[Enhancement]: cpu.high 常见增加收集项目

Question

[Enhancement]: cpu.high 常见增加收集项目

Opened this issue 2 months ago · 0 comments

Description

obdiag gather scene run --scene=observer.cpu_high 采集的信息对分析ob集群 cpu占用高问题需要增加一些采集项目

1）TOP SQL信息，建议2个纬度，cpu占用和读物理盘行数。

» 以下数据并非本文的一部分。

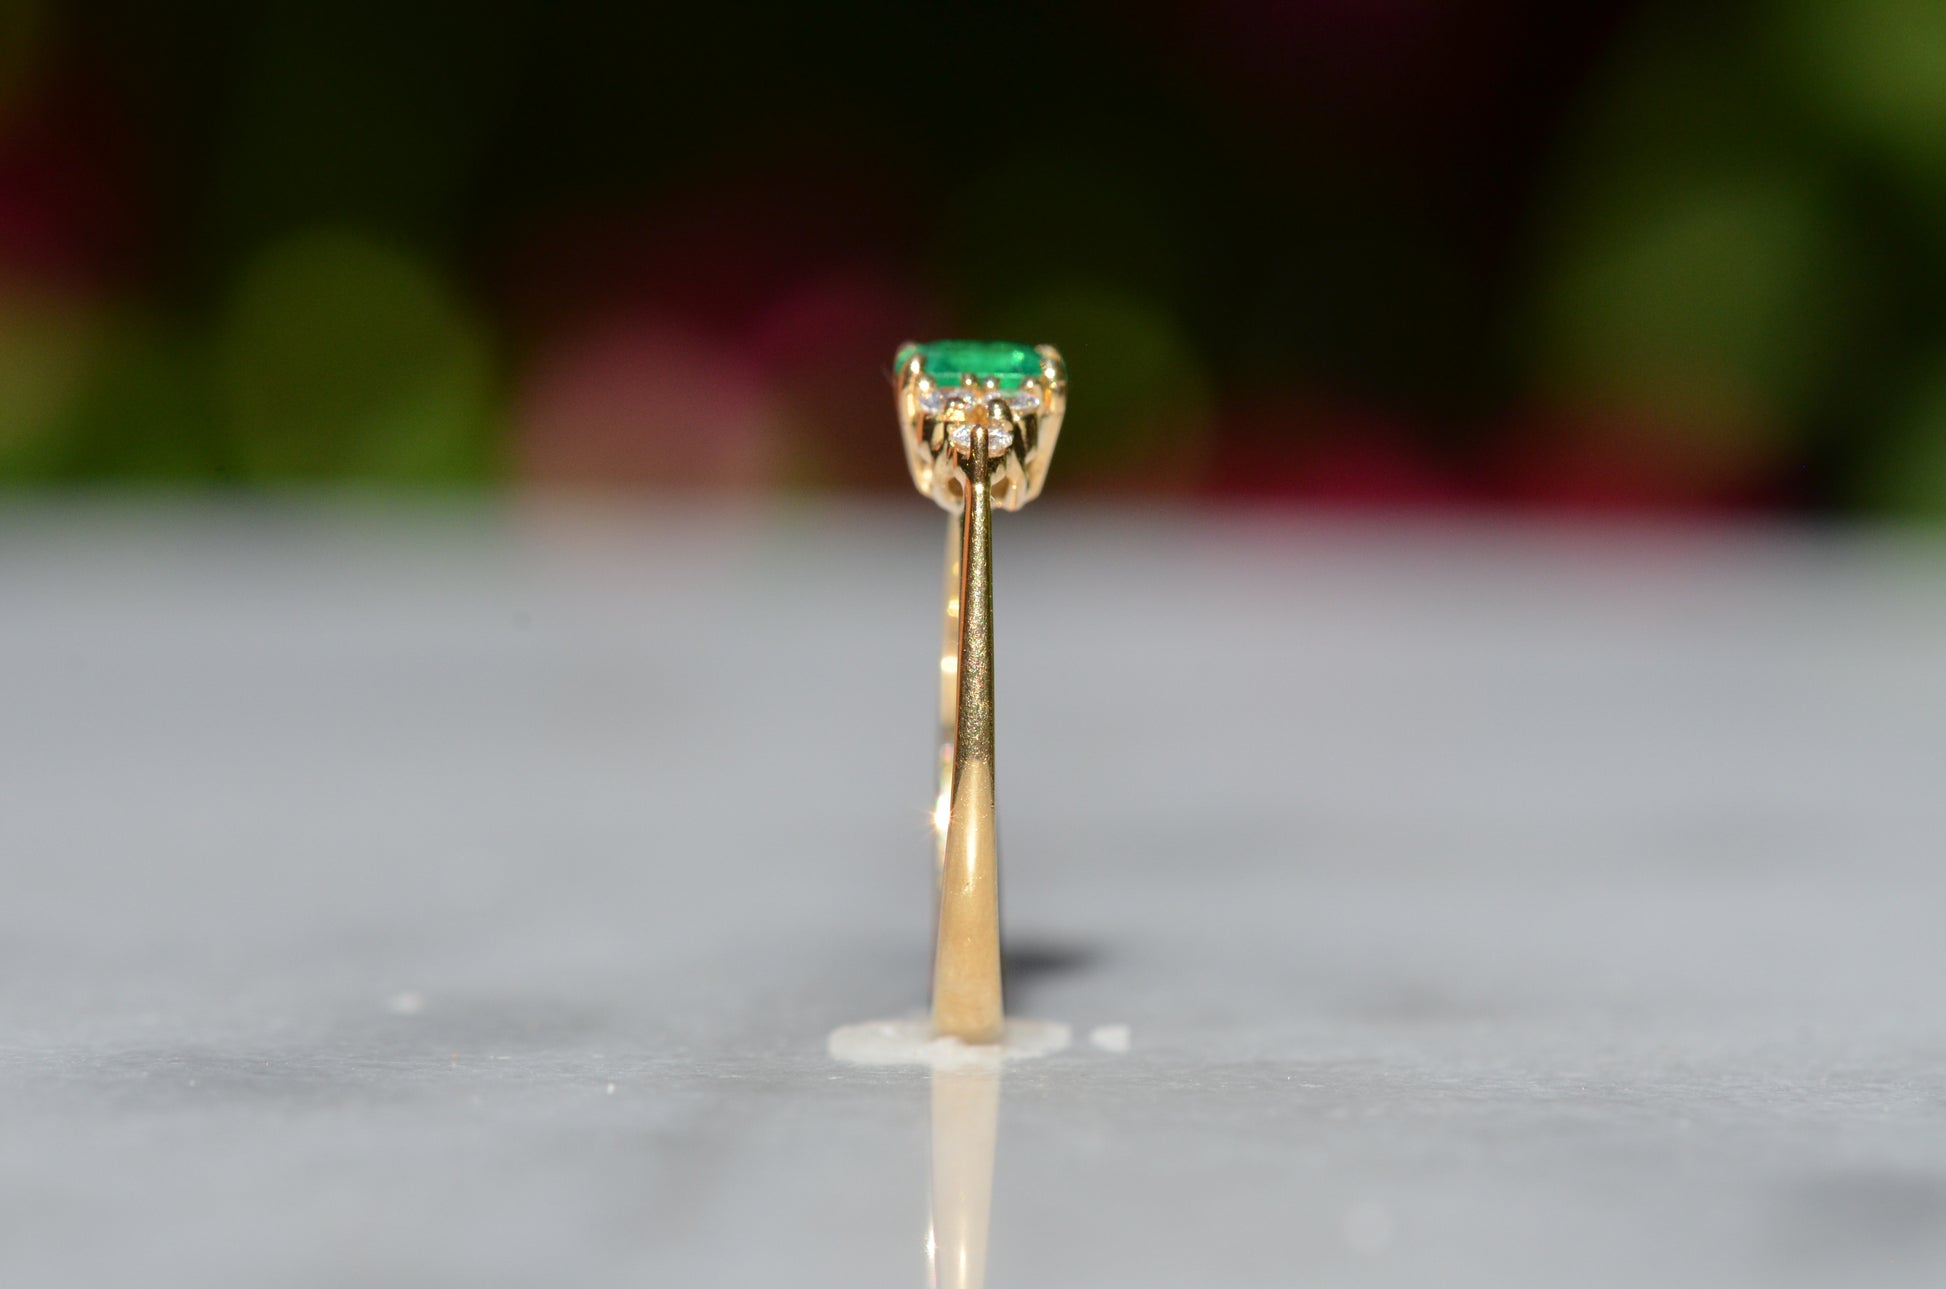 Close-cropped macro of a vintage ring, featuring a square emerald-cut emerald flanked by three round diamonds arranged in a triangular cluster on each shoulder. Viewed upright and from the side to highlight the profile.

sql_audit视图有记录。
例如：
select sql_id,sum(execute_time),,sum(QUEUE_TIME), count(*), sum(MEMSTORE_READ_ROW_COUNT), sum(SSSTORE_READ_ROW_COUNT) from oceanbase.gv$ob_sql_audit where REQUEST_TIME between 1721113200000000 and 1721115000000000 group by sql_id order by 2 desc limit 10;

找到对应sql语句获取最高占用的sql的执行计划和对应sql的GV$OB_SQL_PLAN信息。

再获取对应集群级和表级分区分布以及分区里数据量是否均匀（包括二级分区）

2）gv$ob_sql_audit 信息，需要保留采集时间的全信息。

3）QPS请求分布，可以使用下面这个sql
select t2.zone, t1.svr_ip, count(*) as QPS from oceanbase.gv$ob_sql_audit t1, oceanbase.__all_server t2 where t1.svr_ip = t2.svr_ip and t1.tenant_id = 1002 and IS_EXECUTOR_RPC = 0 and request_time > (time_to_usec(now()) - 1000000) and request_time < time_to_usec(now()) group by t1.svr_ip order by QPS;

根据上诉sql 获取前几个的QPS高的节点IP，查看QPS和计划类型

select plan_type, count(*) as QPS from oceanbase.gv$ob_sql_audit t1, oceanbase.__all_server t2 where t1.svr_ip = t2.svr_ip and t1.tenant_id = 1002 and IS_EXECUTOR_RPC = 0 and request_time > (time_to_usec(now()) - 1000000) and request_time < time_to_usec(now())
and t1.svr_ip='xx.xx.xx.xx'
group by plan_type order by 2 desc ;

4）检查占用高表的表结构分区类型是否有函数分区方式，例如to_days(分区键) ，如果有可能是路由不生效导致，并检查obproxy日志是否有分区解析失败信息。